At this point, we write each `ai_response` to its own feature file, then parse and lint those files.

In [None]:
# Create and write feature file for each ai_response
# TODO: fix this for directory structure
def write_feature_file(record, experiment_dir):
    model = record['model']
    app_id = record['app_id']
    us_id = record['us_id']

    feature_content = record['ai_response']

    filename = f"{app_id}_{model}_{us_id}"

    feature_dir = experiment_dir / "features" / model
    feature_dir.mkdir(parents=True, exist_ok=True)

    feature_file_path = feature_dir / f"{filename}.feature"

    try:   
        with open(feature_file_path, 'w', encoding='utf-8') as f:
            f.write(feature_content.strip())
            
    except Exception as e:
        print(f"Error writing {feature_file_path}: {e}")

# for index, row in raw_df.iterrows():
#     write_feature_file(row, exp_dir)

<b>Review and Process Parsed Data</b>

Next, we read and review the parsed gherkin step data (generated in Gherkin_Parser.ipynb).

In [None]:
# Read parsed step data from gherkin parser output
parse_df = pd.read_csv(exp_dir / 'parsed_step_data.csv')

In [None]:
parse_df.head()

In [None]:
# parse_df contains a record per step
parse_df.shape

In [None]:
parse_df.nunique()

In [None]:
parse_df.dtypes

In [None]:
# Add us_text to parse_df by merging with raw_df on model, app_id, us_id
parse_df = parse_df.merge(raw_df[['model', 'app_id', 'us_id', 'us_text']], on=['model', 'app_id', 'us_id'], how='left')

In [None]:
parse_df.head(1)

In [None]:
parse_df.nunique()

In [None]:
parse_df.to_csv(exp_dir / 'processed_step_data.csv', index=False)

<b>Review `gherkin-lint` Reports</b>

Read and review reports generated by `gherkin-lint`.

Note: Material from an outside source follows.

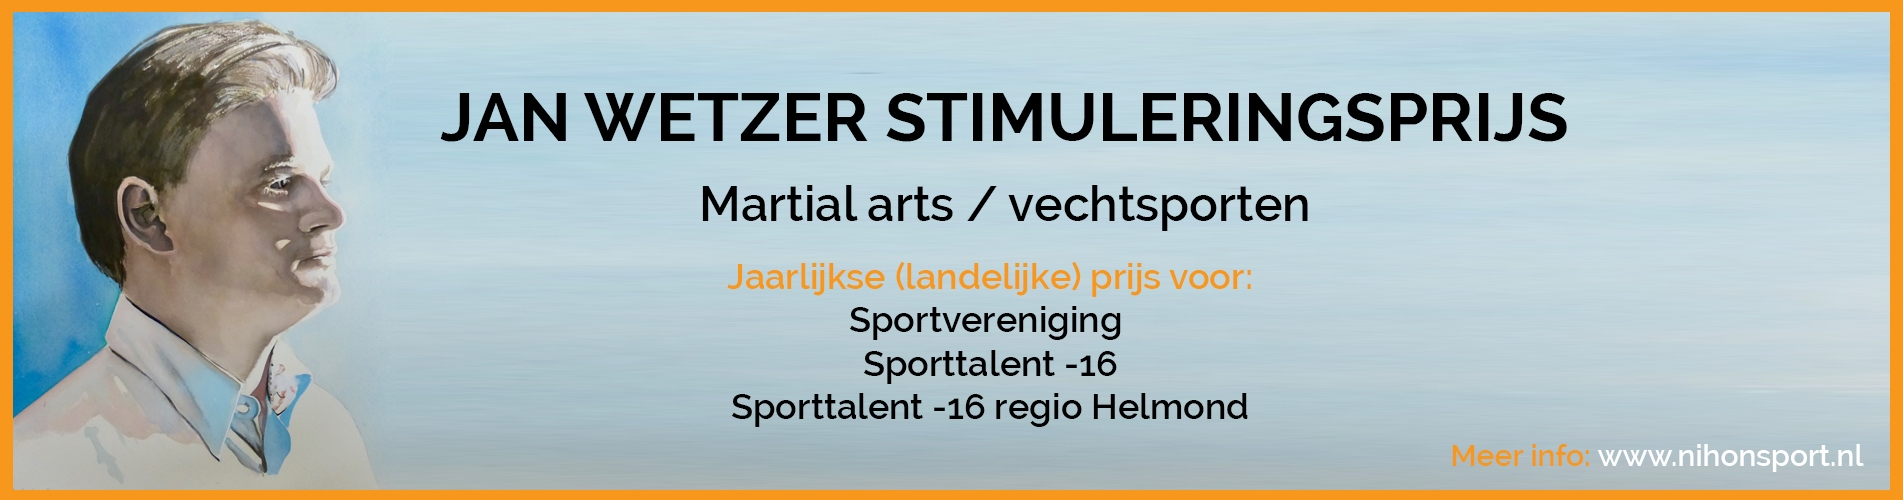 Jan Wetzer Stimuleringsprijs
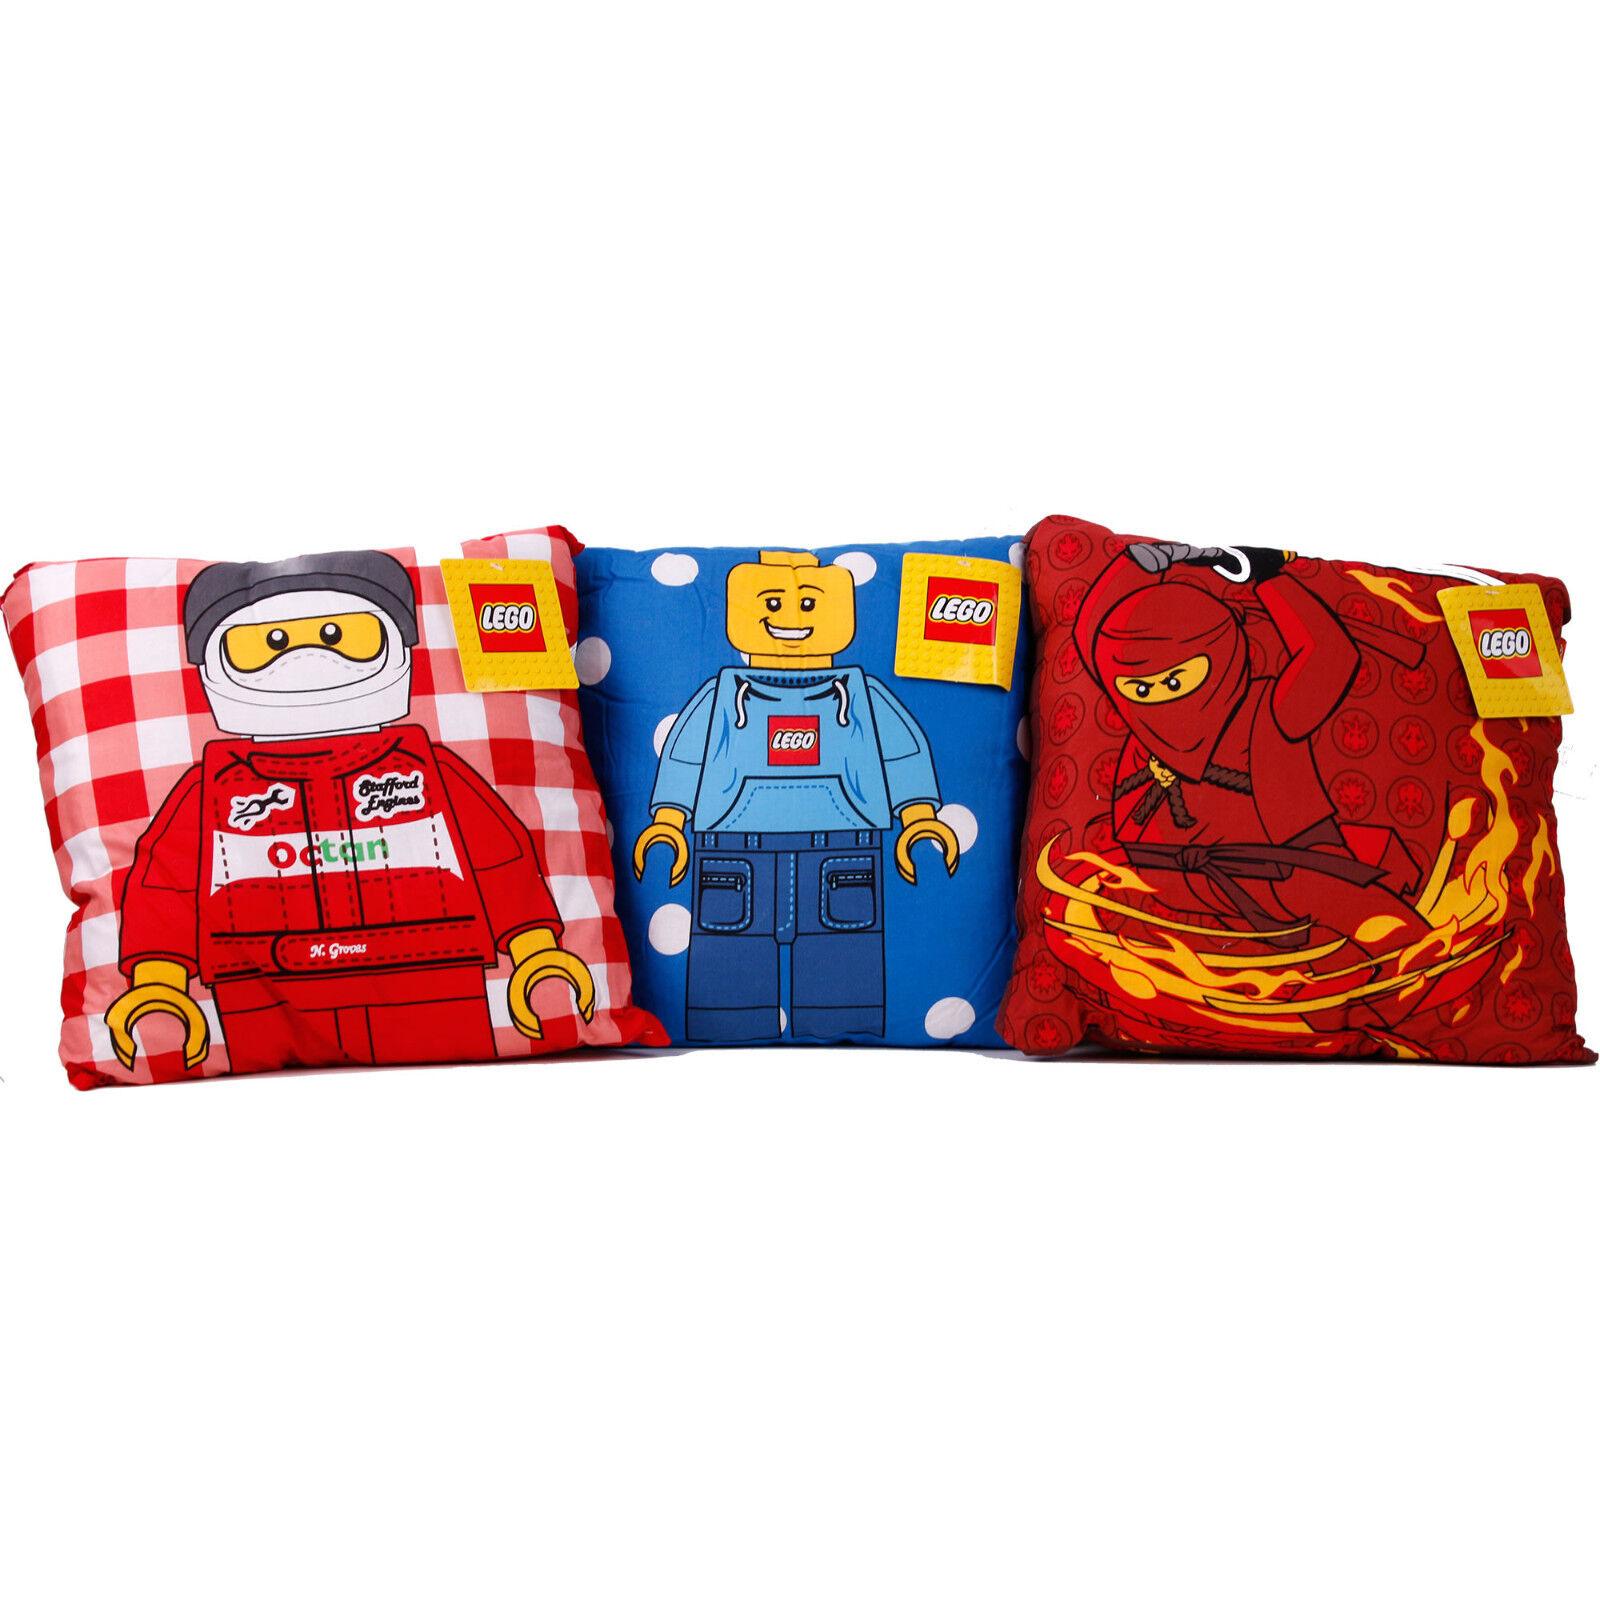 Lego Kissen Kopfkissen Bettwäsche 3er Set Kissenbezug Kissen Bezug Kissenhülle

TODO: perform this in another notebook and read results here.

<b>Create Full Scenario Dataset for Traceability Evaluation</b>

Next, we use the parsed data to create a dataset of complete scenarios (joining the parsed steps) to use in computing similarity between user stories and gherkins, in our traceability experiments.

In [None]:
processed_step_df = parse_df.copy()

In [None]:
processed_step_df.shape

In [None]:
# Remove all rows for us_ids that have error == True, i.e. where parsing failed for one or more model's output (to maintain a matched-pair dataset for traceability experiments)
error_us_ids = processed_step_df.loc[processed_step_df['error'] == True, 'us_id'].unique()
processed_step_df = processed_step_df[~processed_step_df['us_id'].isin(error_us_ids)].reset_index(drop=True)

processed_step_df.shape

In [None]:
# TODO: also remove user stories that resulted in gherkins with gherkin lint errors

In [None]:
# Check that for each model's output, us-feature mapping is one-to-one
us_feature_counts = processed_step_df.groupby(['model', 'us_id'])['feature_name'].nunique()

us_feature_counts[us_feature_counts > 1]

In [None]:
# Assign unique numeric scenario_id to each scenario_name within each model and us_id
processed_step_df['scenario_id'] = processed_step_df.groupby(['model', 'us_id'])['scenario_name'].transform(lambda x: pd.factorize(x)[0] + 1)
processed_step_df['scenario_id'] = processed_step_df["model"] + "_" + processed_step_df["us_id"].astype(str) + "_" + processed_step_df['scenario_id'].astype(str)

In [None]:
processed_step_df.head()

In [None]:
processed_step_df.shape

In [None]:
processed_step_df.nunique()

In [None]:
def flatten_step(row):
    step_text = f"{row['step_keyword']} {row['step_text']}"

    if pd.notna(row['step_data_table']):
        for table_row in row['step_data_table']:
            step_text += " | " + " | ".join(table_row)
        step_text += " | "

    if pd.notna(row['step_doc_string']):
        step_text += f" \"\"\" {row['step_doc_string']} \"\"\" "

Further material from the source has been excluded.